In developing the symbolic-differentiation program, we will follow the same strategy of data abstraction that we followed in developing the rational-number system of section . That is, we will first define a differentiation algorithm that operates on abstract objects such as ``sums,'' ``products,'' and ``variables'' without worrying about how these are to be represented. Only afterward will we address the representation problem.
The differentiation program with abstract data
In order to keep things simple, we will consider a very simple symbolic-differentiation program that handles expressions that are built up using only the operations of addition and multiplication with two arguments. Differentiation of any such expression can be carried out by applying the following reduction rules:

$\begin{displaymath}\frac{dc}{dx}=0\hbox{ for $c$\space a constant or a variable different from $x$ } \end{displaymath}$

$\begin{displaymath}\frac{dx}{dx}=1 \end{displaymath}$

$\begin{displaymath}\frac{d(u+v)}{dx}=\frac{du}{dx}+\frac{dv}{dx} \end{displaymath}$

$\begin{displaymath}\frac{d(uv)}{dx}=u\left( \frac{dv}{dx}\right)+v\left( \frac{du}{dx}\right)\end{displaymath}$

Observe that the latter two rules are recursive in nature. That is, to obtain the derivative of a sum we first find the derivatives of the terms and add them. Each of the terms may in turn be an expression that needs to be decomposed. Decomposing into smaller and smaller pieces will eventually produce pieces that are either constants or variables, whose derivatives will be either 0 or 1.
To embody these rules in a procedure we indulge in a little wishful thinking, as we did in designing the rational-number implementation. If we had a means for representing algebraic expressions, we should be able to tell whether an expression is a sum, a product, a constant, or a variable.
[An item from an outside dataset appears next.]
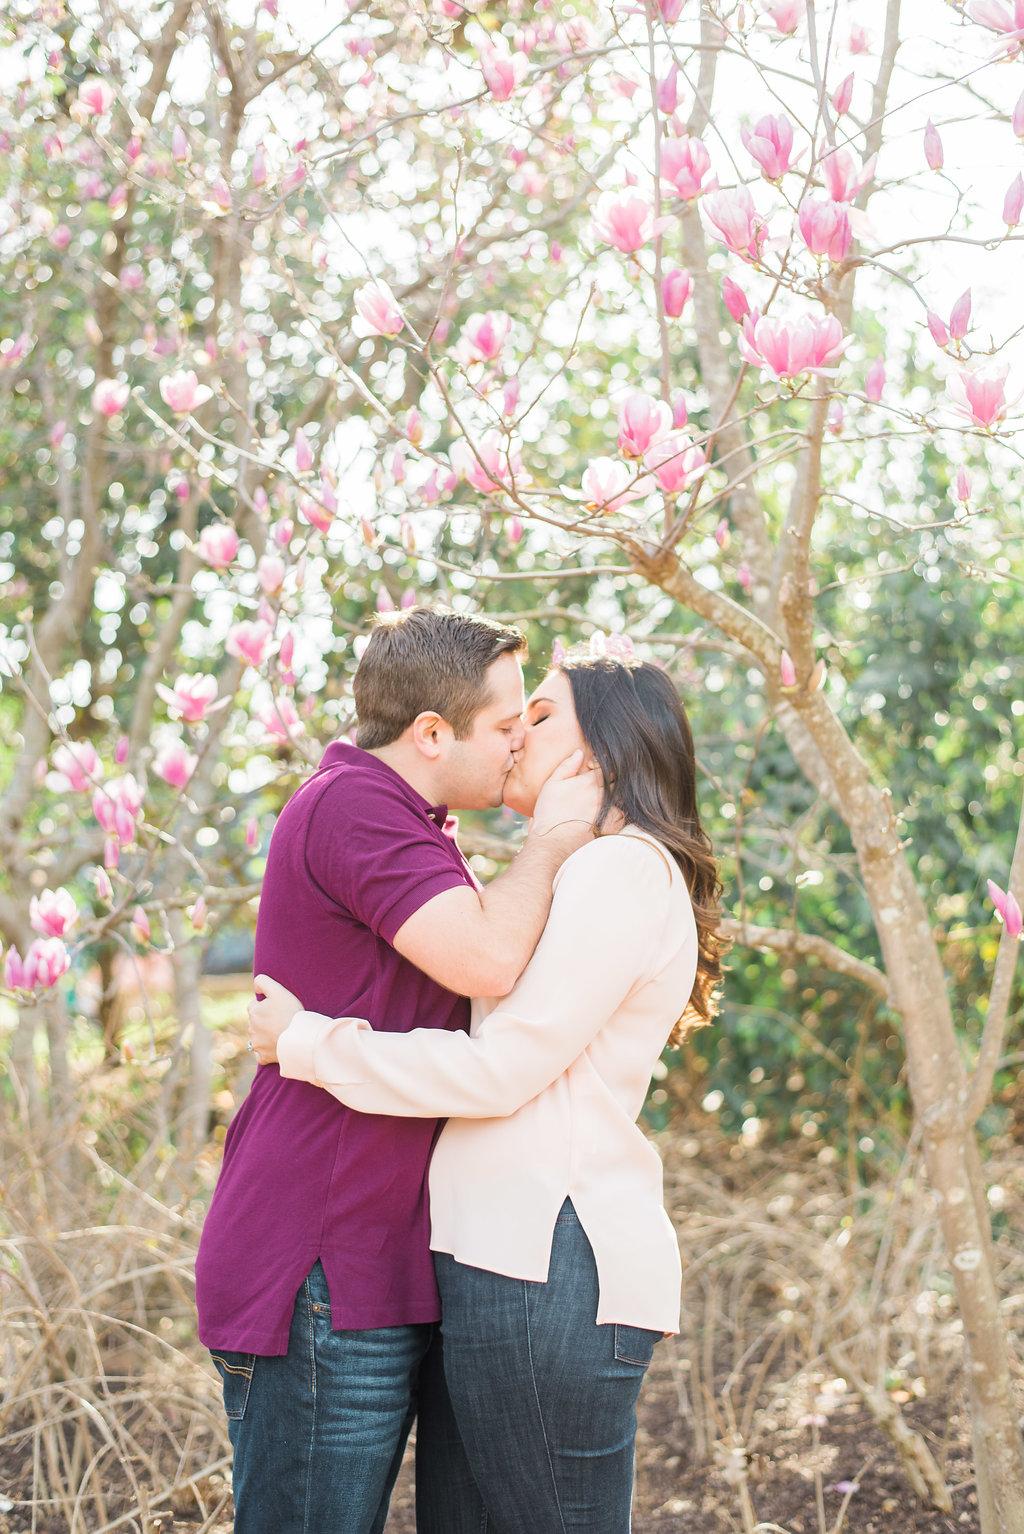 Crystal-Neal-Spring-Dallas-Arboretum-Engagement-Gray-Door-Photography14.jpg

We should be able to extract the parts of an expression. For a sum, for example we want to be able to extract the addend (first term) and the augend (second term). We should also be able to construct expressions from parts. Let us assume that we already have procedures to implement the following selectors, constructors, and predicates:

(variable? e) Is e a variable?

(same-variable? v1 v2) Are v1 and v2 the same variable?

(sum? e)
Is e a sum?

(addend e) Addend of the sum e.

(augend e) Augend of the sum e.

(make-sum a1 a2) Construct the sum of a1 and a2.

(product? e)
Is e a product?

(multiplier e) Multiplier of the product e.

(multiplicand e) Multiplicand of the product e.

(make-product m1 m2) Construct the product of m1 and m2.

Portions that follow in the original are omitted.